If no Exodus happened in 1510 BC, it was easy for any audience of the book to check in 1500 BC or maybe later up to 1470 they had no memories of walking through the Red Sea on dry sea bottom. If no Exodus happened in 1510 BC and the book was from after 1470 BC, it was easy to check no one recalled having heard of such a walk through the Red Sea before the book was produced.

As I’ve stated before, the archeological results in Finkelstein and Silberman (2001) demonstrate that the ancient Israelite “first known audience” was wrong about the events in the Old Testament book of Exodus.

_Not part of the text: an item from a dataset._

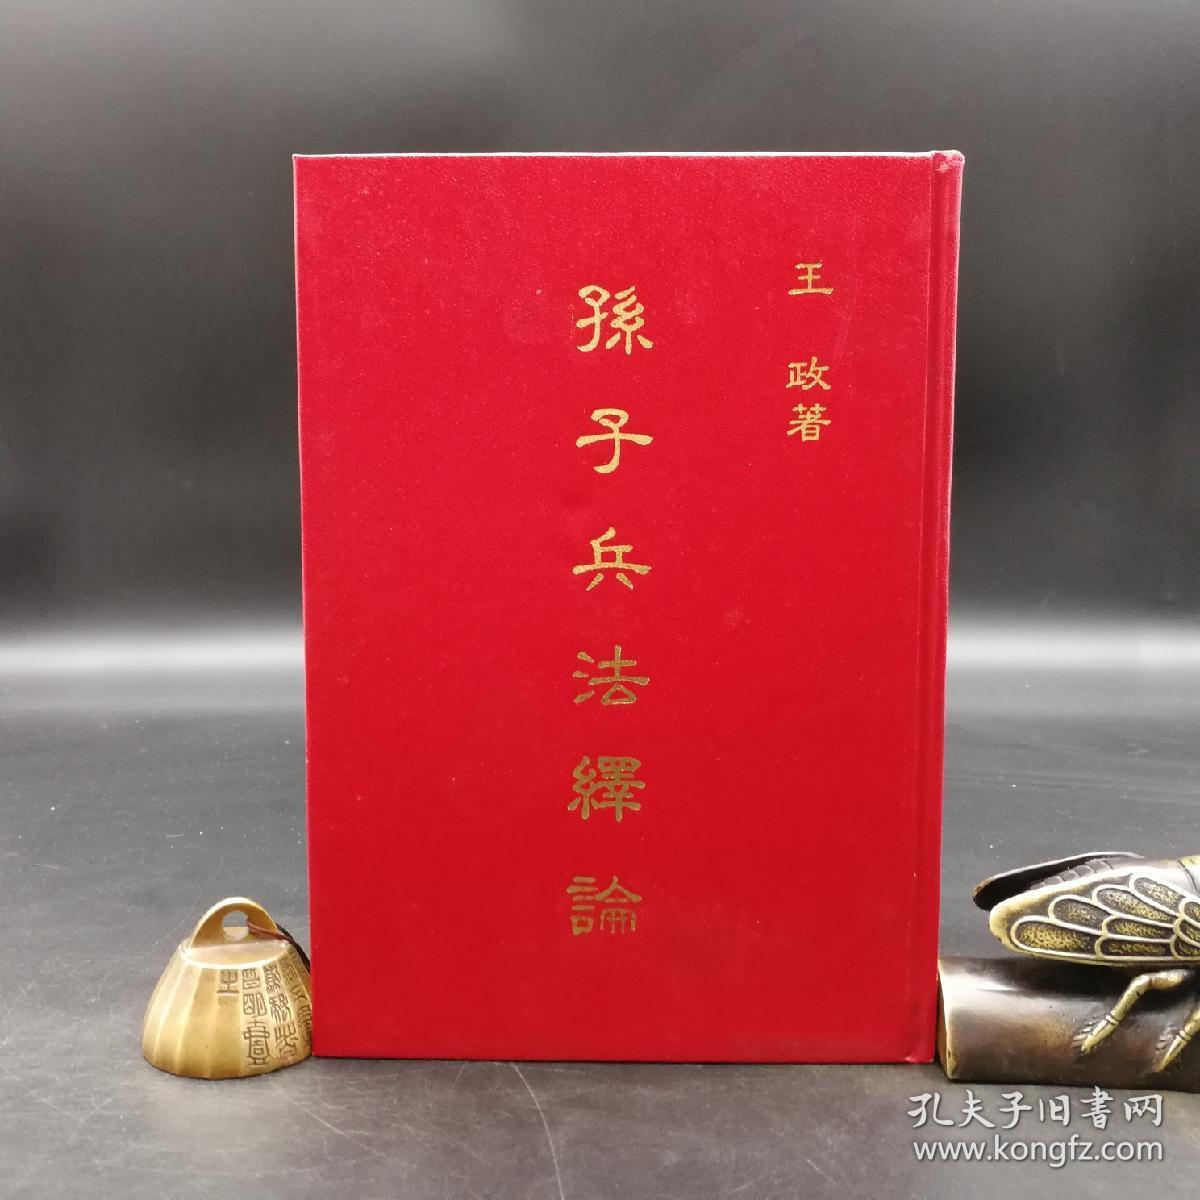 绝版特惠·台湾明文书局版 王政《孫子兵法釋論》(精装)

Archaeology by itself doesn't tell a story, and therefore only indirectly refutes or remotely confirms a story. Finkelstein and Silberman demonstrate no such thing, neither on the case of Exodus nor on the principle, because it is fairly easy to debunk their work from 2001 in categories like:

  • misinterpreting Biblical chronology
  • misinterpreting carbon dates prior to Trojan War
  • misinterpreting the relation between what is seen and what is told as a contradiction, where there is no such thing.


So, first known audience of The Bible Unearthed: Archaeology's New Vision of Ancient Israel and the Origin of its Sacred Texts certainly took it as a work of non-fiction in the mainly historical genre, and in that sense it is history, but the problem is, it is history where grave misunderstandings from people who weren't there cannot even remotely be discounted.

Here are a few items which belong more properly to previous part, What Henke Responded - up to "Henke2022aa" (with ab and ai looked up in advance, since referred to in previous), so if you want to skip them for the following, I make a square around them:

Although our “acts of imagination” can be very useful in proposing hypotheses for evaluation, they must never be separated from our reason. Not everything that we can imagine turns out to be real. That is, the products of our imagination must always be immediately tested with reason. To be exact, all of us should have a rational mindset as a starting point and immediately apply reason when we are first introduced to any “act of imagination.”


The imagination of a Christian explaining a miracle is not separated from the reason of a Christian believing a miracle.

He’s a smart human being that is capable of separating fact from fantasy and evidence from myth.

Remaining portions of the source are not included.